The Deschutes and Crooked River branches of the lake are within the boundaries of The Cove Palisades State Park. The south shores of the Metolius River are public lands administered by the Bureau of Land Management and the United States Forest Service, while the north shores are part of the Warm Springs Indian Reservation. Along with the Island peninsula, there is one island in the lake named Chinook Island.

Lake Billy Chinook is a very popular recreational lake in Central Oregon for water skiing, sailing, jet skiing and boating. There are four boat launches around the lake, as well a marina and café on the east shore named the Cove Palisades Resort, which also offers rentals of houseboats and various other watercraft.

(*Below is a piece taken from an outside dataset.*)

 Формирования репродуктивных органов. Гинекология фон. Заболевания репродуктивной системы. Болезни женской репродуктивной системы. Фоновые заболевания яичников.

Southwest of the lake is Lake Billy Chinook Airport, a small, privately owned, public use airport.

=== Fishing ===
Lake Billy Chinook offers fishing for brown trout, smallmouth bass, rainbow trout, and Kokanee, a land-locked salmon. The lake is also one of the few bodies of water in the United States where bull trout, a threatened species that thrives in Lake Billy Chinook, can be legally fished. The state record bull trout, weighing 23 lbs., 2 ounces was harvested from Lake Billy Chinook in 1989, though a much larger specimen thought to potentially be a world record catch was caught and released by an angler in 2023.

As of 2014, the Metolius arm of the lake is closed to fishing, without a tribal permit.

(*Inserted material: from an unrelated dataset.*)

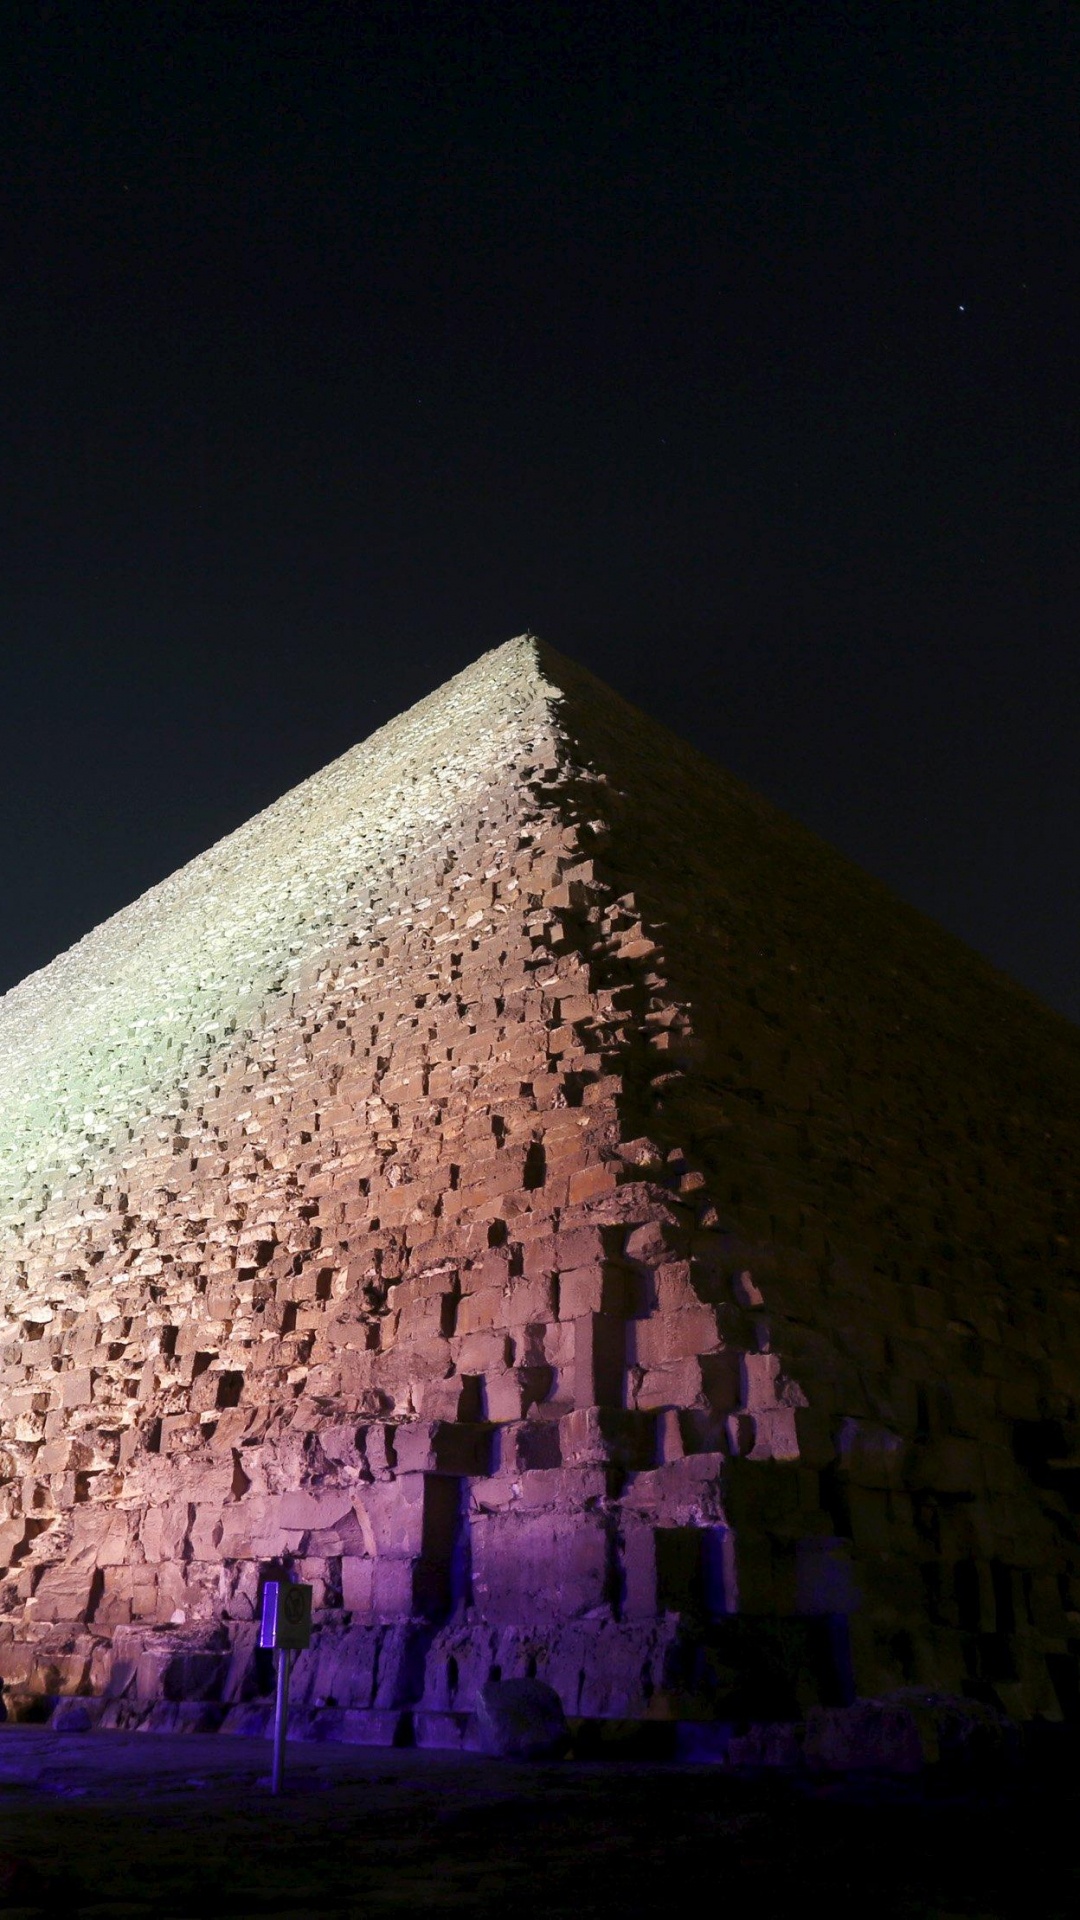 金字塔, 埃及金字塔, 里程碑, 纪念碑, 三角形 壁纸 1080x1920 允许

=== Cove Palisades State Park ===
The majority of Lake Billy Chinook is surrounded by The Cove Palisades State Park. The state park offers both camping and lodging and is open all year for day use. The Cove Palisades consists of two campgrounds: Crooked River Campground (open all year) and the Deschutes Campground which is open from mid-May to mid-September. The Crooked River Campground is located higher up in the canyon where as the Deschutes Campground is walking distance from the water.

== The Island ==
Between the Deschutes and Crooked River branches of the lake, there is a large and isolated 208 acre, 1.75 mi peninsular plateau named the Island. The Island is surrounded on three sides by vertical cliffs at heights of 200 ft to 700 ft above the water. The Island was designated a Research Natural Area by the Bureau of Land Management (BLM) in 1986. In 1997, the BLM closed the Island to the public, although educational institutions and conservation groups are permitted to visit between May and mid-February.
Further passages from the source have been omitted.